Other animals eat zebras, too. Other animals eat the same plants. They all form different food chains. Put together, these food chains are called a food web.

Trophic Levels

Food chains have different levels. These are called trophic levels.


Organisms in the first trophic level are called producers. Most producers are plants. Algae and some bacteria are also producers.

Each producer makes its own food. Most producers use photosynthesis. That means they use sunlightcarbon dioxide, and water to create energy.


The next trophic levels are animals that eat producers. They are called consumers. Some consumers are herbivores while others are carnivores. They can also be omnivores, which means they eat both meat and plants.

Primary consumers are herbivores. They eat plants and other producers. Deer, mice, and elephants are herbivores. They eat grass, shrubs, and trees. In the desert, a mouse is a primary consumer. It eats seeds and fruit. In the ocean, many fish and turtles are herbivores. They eat algae and seagrass.

Secondary consumers are animals that eat herbivores. In a desert, a secondary consumer may be a snake. It eats mice. In underwater kelp forests, sea otters are secondary consumers. They hunt sea urchins. Secondary consumers are at the third trophic level.

Animals at the next level eat secondary consumers. In the desert, an owl or eagle may hunt snakes. Top predators are also called apex predators. No other animal eats an apex predator. Lions are apex predators. Great white sharks are apex predators in the ocean.

Detritivores and Decomposers

Detritivores and decomposers are at the end of food chains. Detritivores eat things that are not alive. Vultures eat dead animals, for example.

Some organisms, like fungi and bacteria, are decomposers. They turn dead plants and other organisms into soil. They let food chains start over.

For example, grass makes food through photosynthesis. A rabbit eats the grass. Then, a fox eats the rabbit. When the fox dies, worms and fungi break down its body. The animal becomes part of the soil. There, it leaves nutrients for plants to grow. This way, the cycle keeps going.

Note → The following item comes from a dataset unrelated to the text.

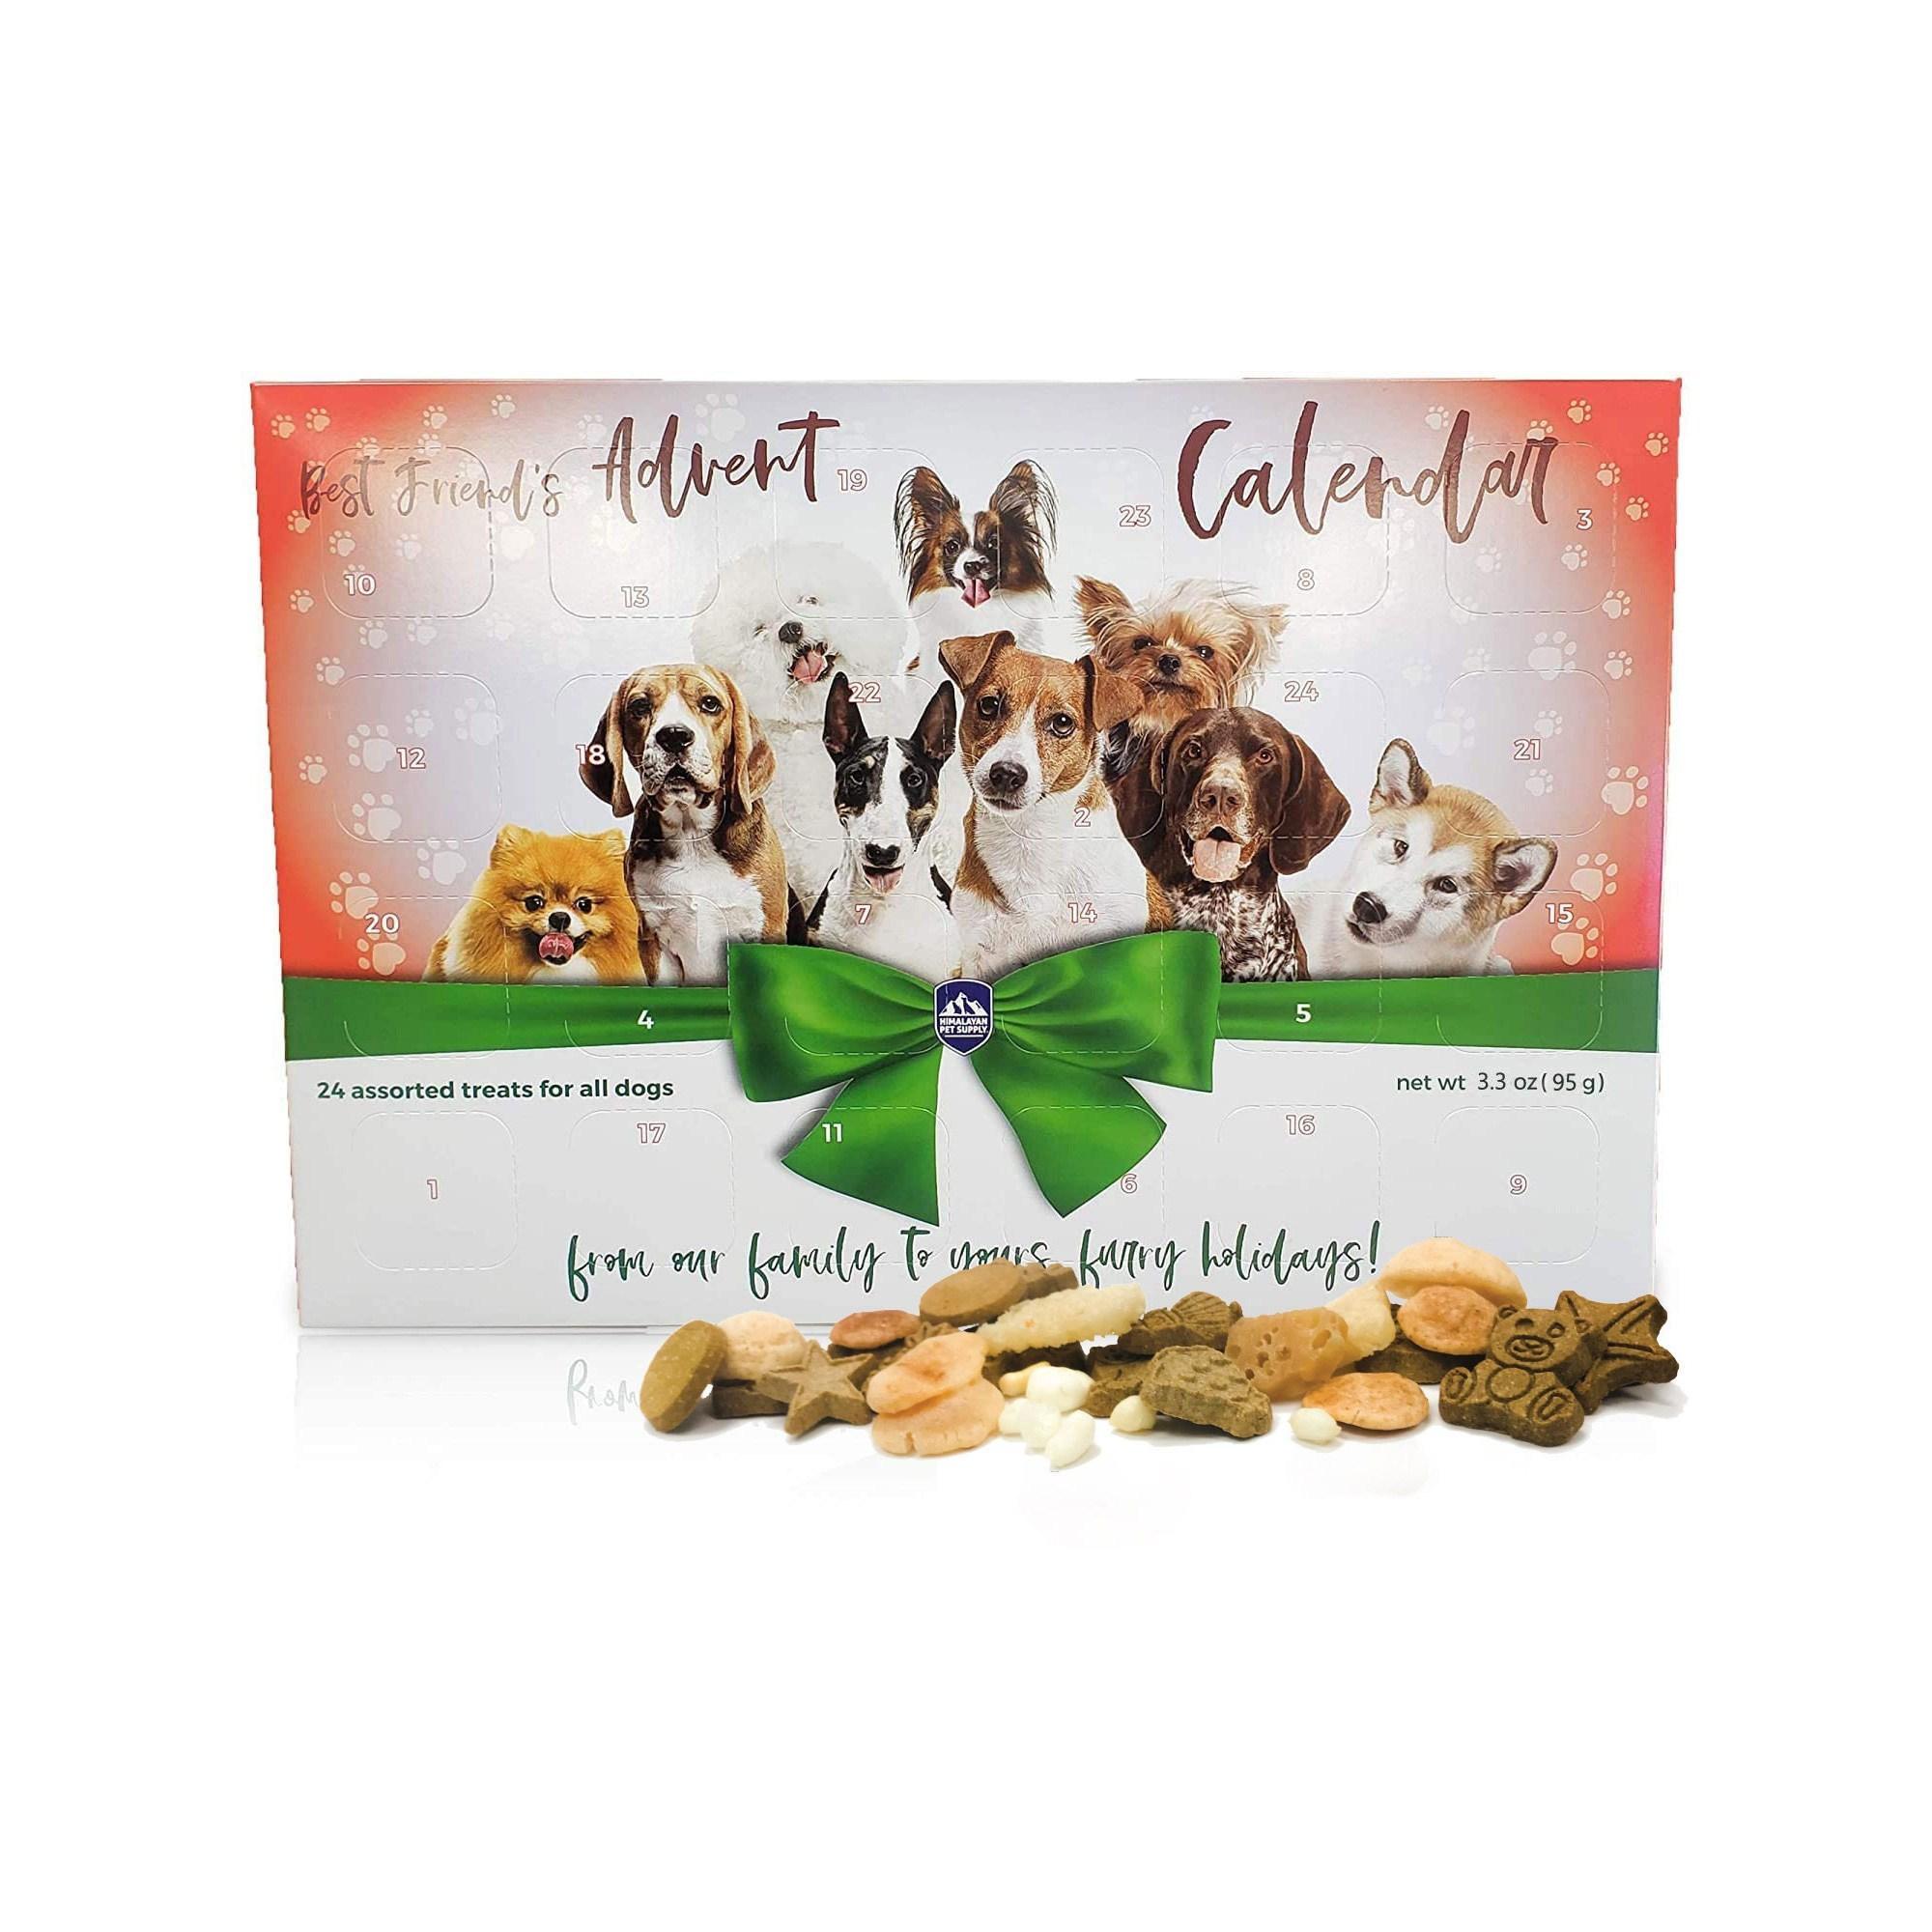 Himalayan 2020 Best Friends Advent Calendar for Dogs, 3.3-oz

Biomass is the energy in living creatures. It starts with the sun's energy. Plants use sunlight to create energy, or biomass, for themselves. When animals eat these plants, they also create energy, or biomass. At each step, energy gets lost, though. Animals are only able to take a part of it.

As you go up the food chain, there is less and less biomass. There is more energy in the lower trophic levels. That is why food webs need more producers than herbivores. They can only have a few carnivores and omnivores.

Sometimes, food chains can fail. If plants are destroyed, herbivores do not have enough to eat. Their numbers go down. Humans can also destroy a food chain. People cut down forests for wood.


Pesticides get into the soil and water. Sometimes, an animal eats a polluted plant. The pesticides stay in the animal's fat. Then, a carnivore eats that animal. It takes in more and more pesticide. This is called bioaccumulation.

In the 1940s and 1950s, bald eagles began disappearing. DDT was a major reason. DDT stands for dichloro-diphenyl-trichloroethane. It is a pesticide. DDT was building up in soil and water. Fish ate organisms with DDT. Bald eagles ate the fish. Because of the DDT, they started laying eggs with thin shells. These shells often broke and the baby birds died.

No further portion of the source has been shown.